‘Huge milestone’ for renewables as US navy turns seawater into fuel
The US navy has managed to combine hydrogen and carbon dioxide from seawater to create a renewable fuel that allows ships to stay at sea for longer periods.
The US Naval Research Laboratory has already made a model aircraft fly with the new fuel, which it has said can reduce the navy’s dependence on oil.
Scientists extracted carbon dioxide (CO2) and hydrogen gas from seawater and turned it into fuel through a gas-to-liquids process.
The new fuel will have an initial cost of around $3-6 per gallon but scientists are working on how to produce it at an industrial level and maximise the amount of CO2 extracted from the water – which it says will be commercially viable within a decade.
Vice admiral Philip Cullom said, “It’s a huge milestone for us. We are in very challenging times where we really do have to think in pretty innovative ways to look at how we create energy, how we value energy and how we consume it.

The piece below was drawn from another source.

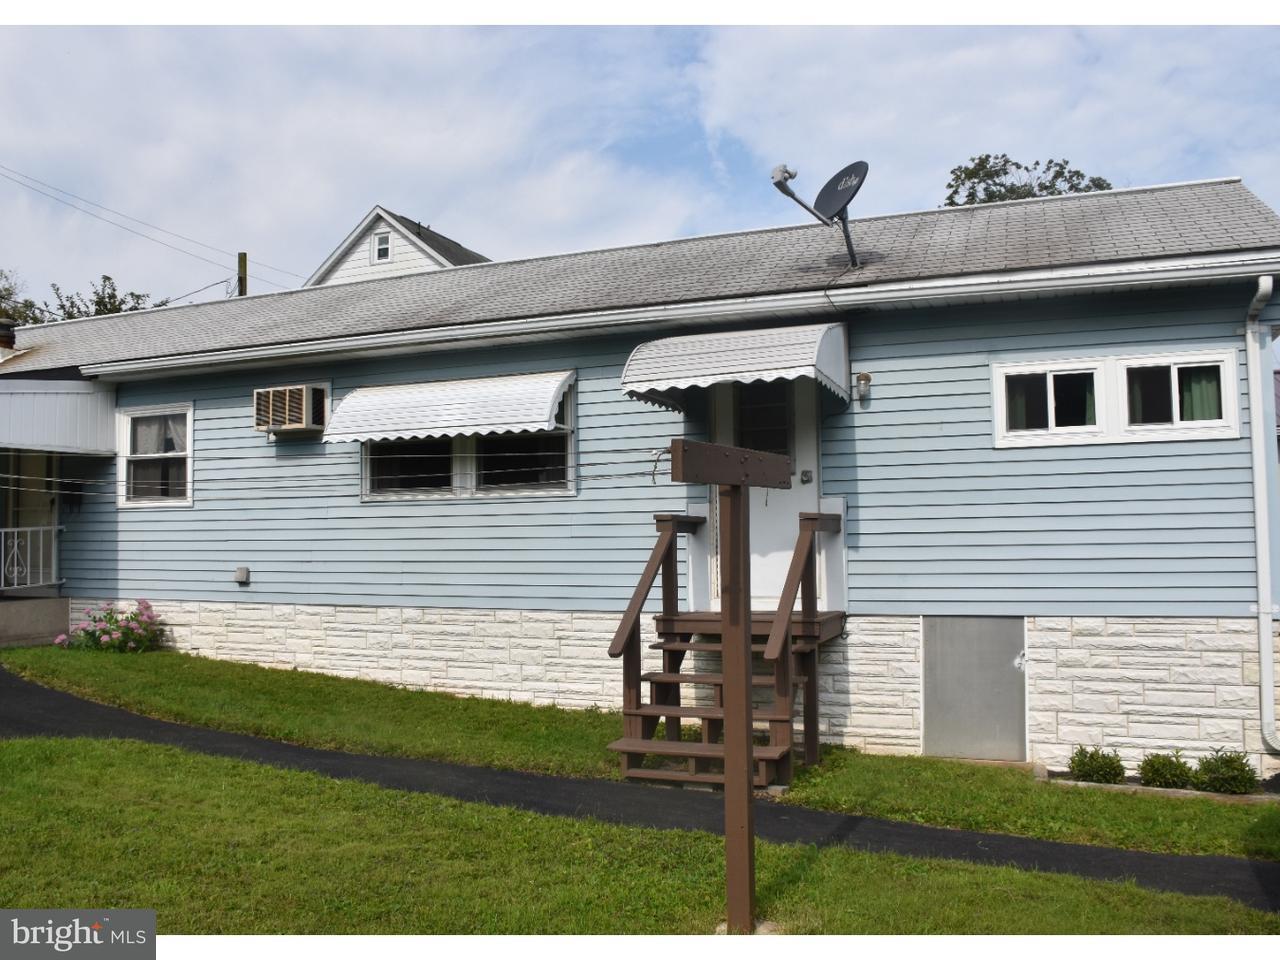 Casa Unifamiliar por un Alquiler en 7 SCHUMACHER Avenue Schuylkill Haven, Pennsylvania 17972 Estados Unidos

“We need to challenge the results of the assumptions that are the result of the last six decades of constant access to cheap, unlimited amounts of fuel.”
The new technology will allow the navy to free its 289 vessels from oil dependency and all its risks, such as price fluctuations, fuel shortages and the obvious environmental impacts.
Although it is carbon neutral, the process requires a lot of energy, needing around 23,000 gallons of seawater to make one gallon of fuel. Nevertheless, it does not add CO2 into the atmosphere because the substance that is extracted is combusted and goes into the water again, so the process is a continuous cycle.